Could you write out the listing below exactly as it stands, leaving out the pictures?

### Data extract ###

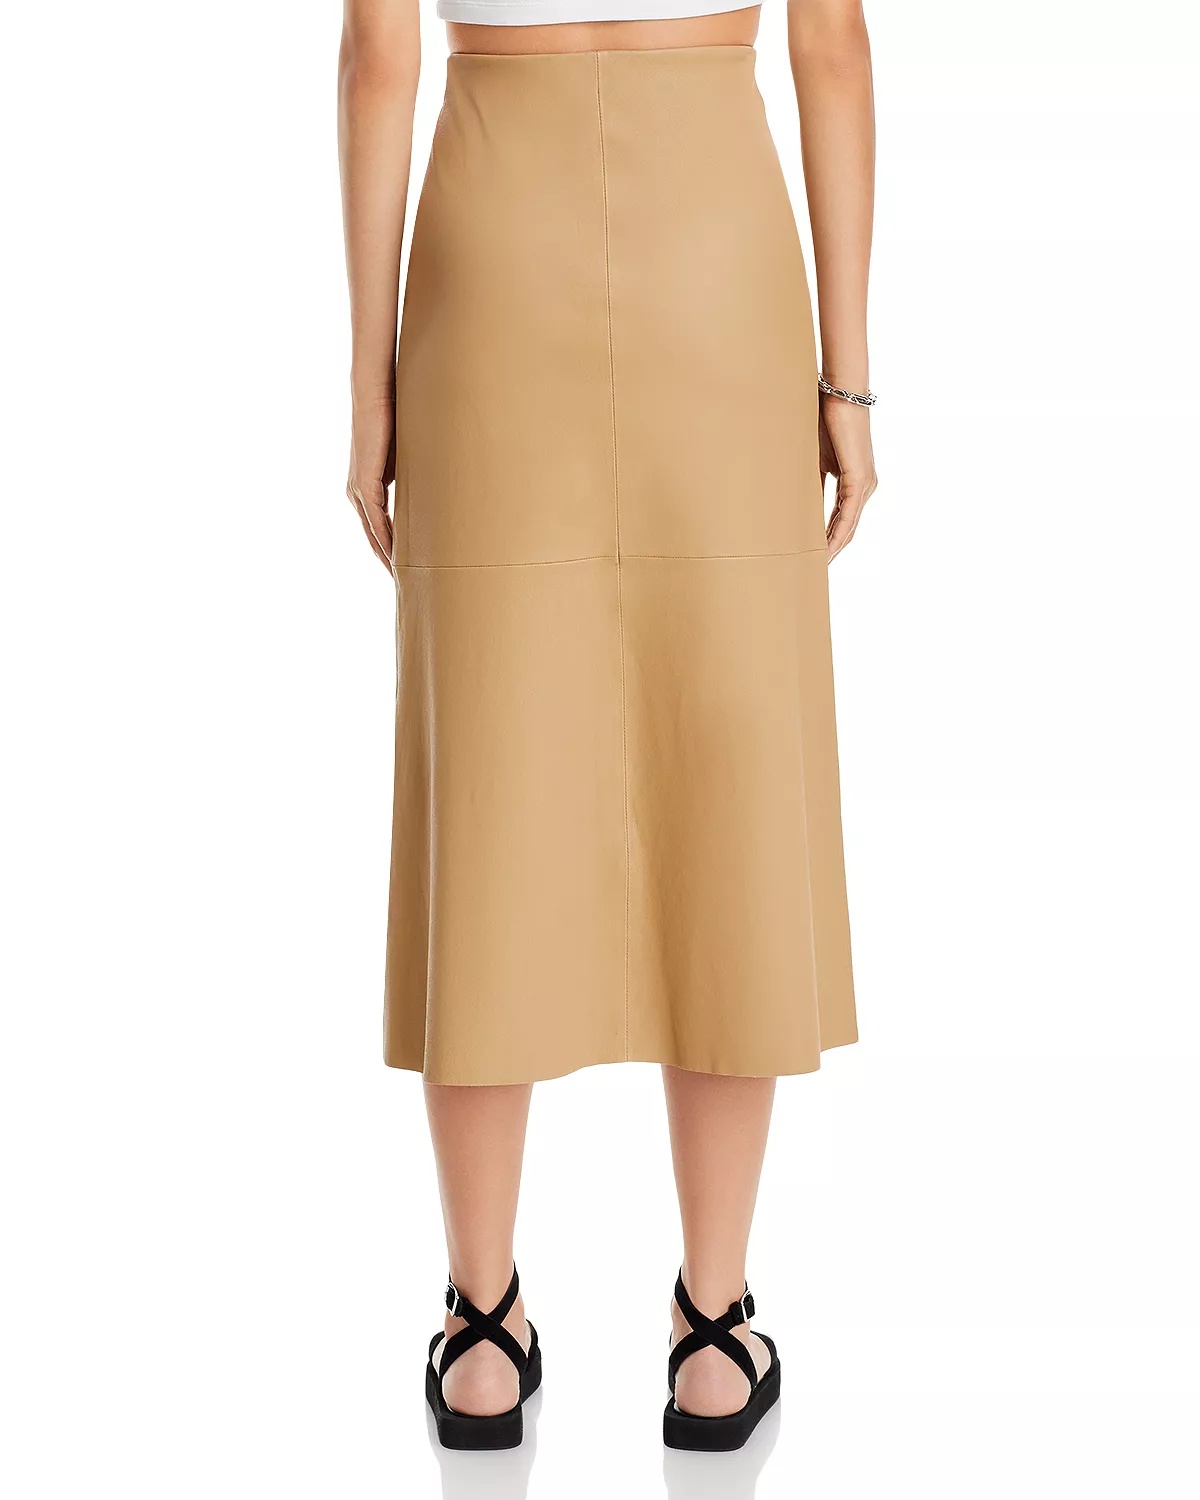 Simoas Leather Skirt - 3
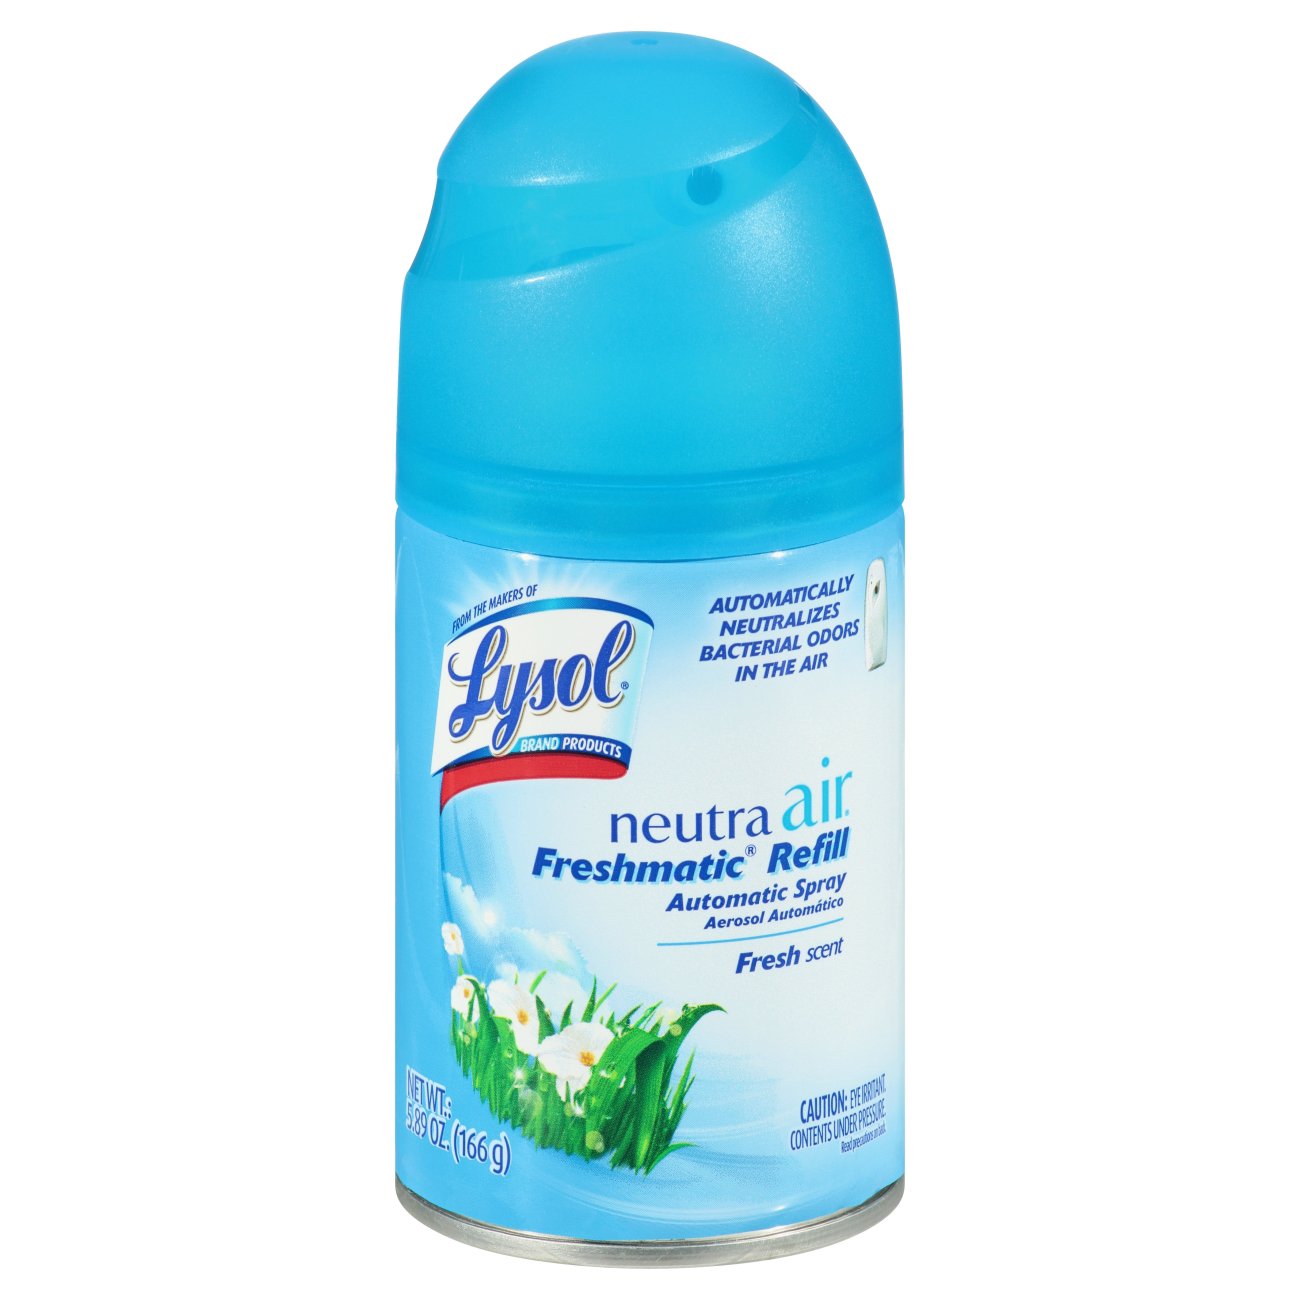 Neutra Air Fresh aerosol desinfectante
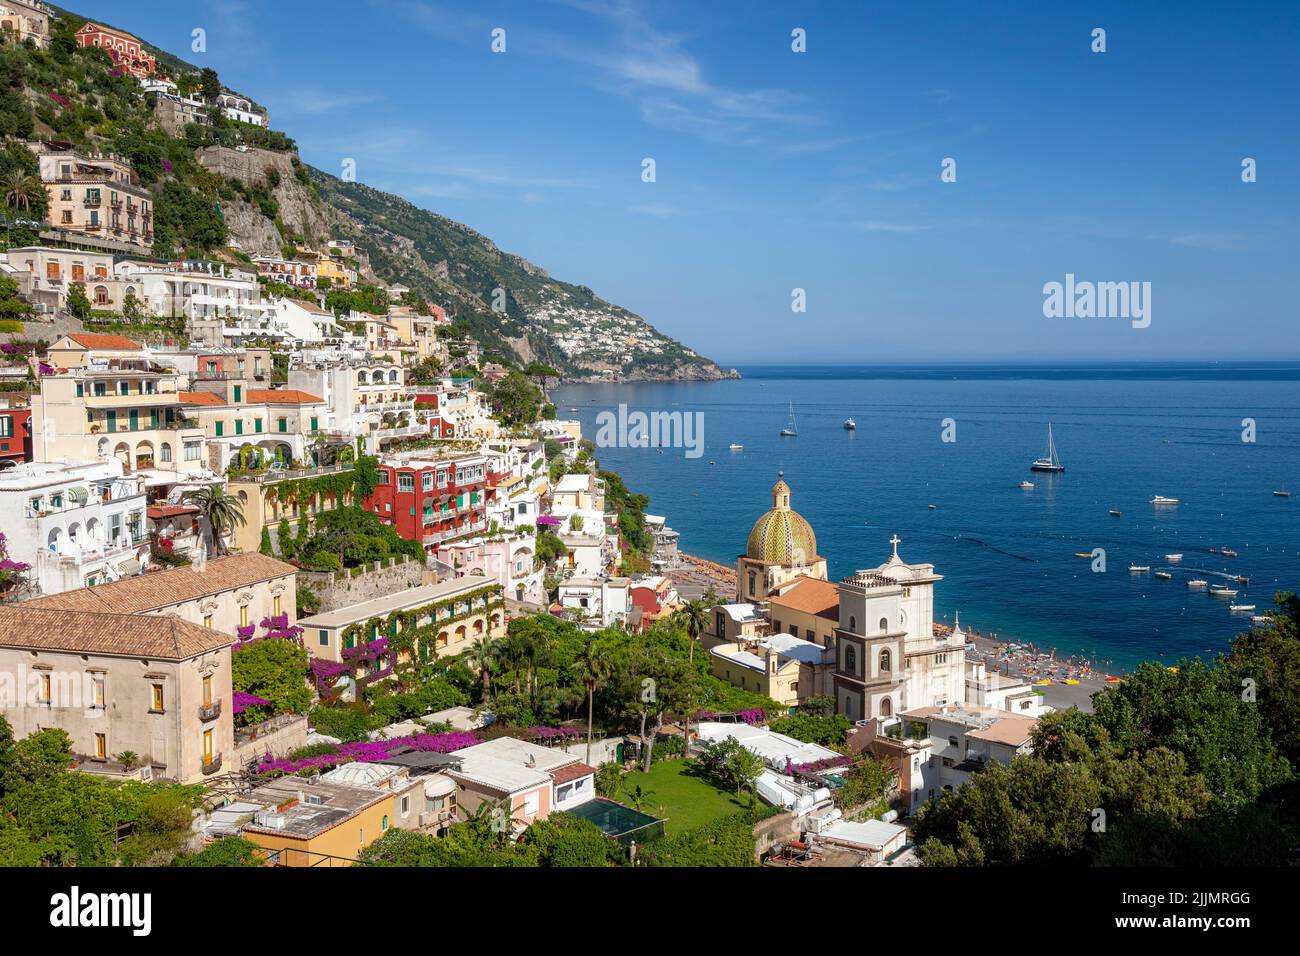 Vista a lo largo de la costa de Amalfi del pueblo en la ladera de Positano, Campania Italia Foto de stock

###

• **Answer to this exercise**
 Simoas Leather Skirt - 3
 Neutra Air Fresh aerosol desinfectante
 Vista a lo largo de la costa de Amalfi del pueblo en la ladera de Positano, Campania Italia Foto de stock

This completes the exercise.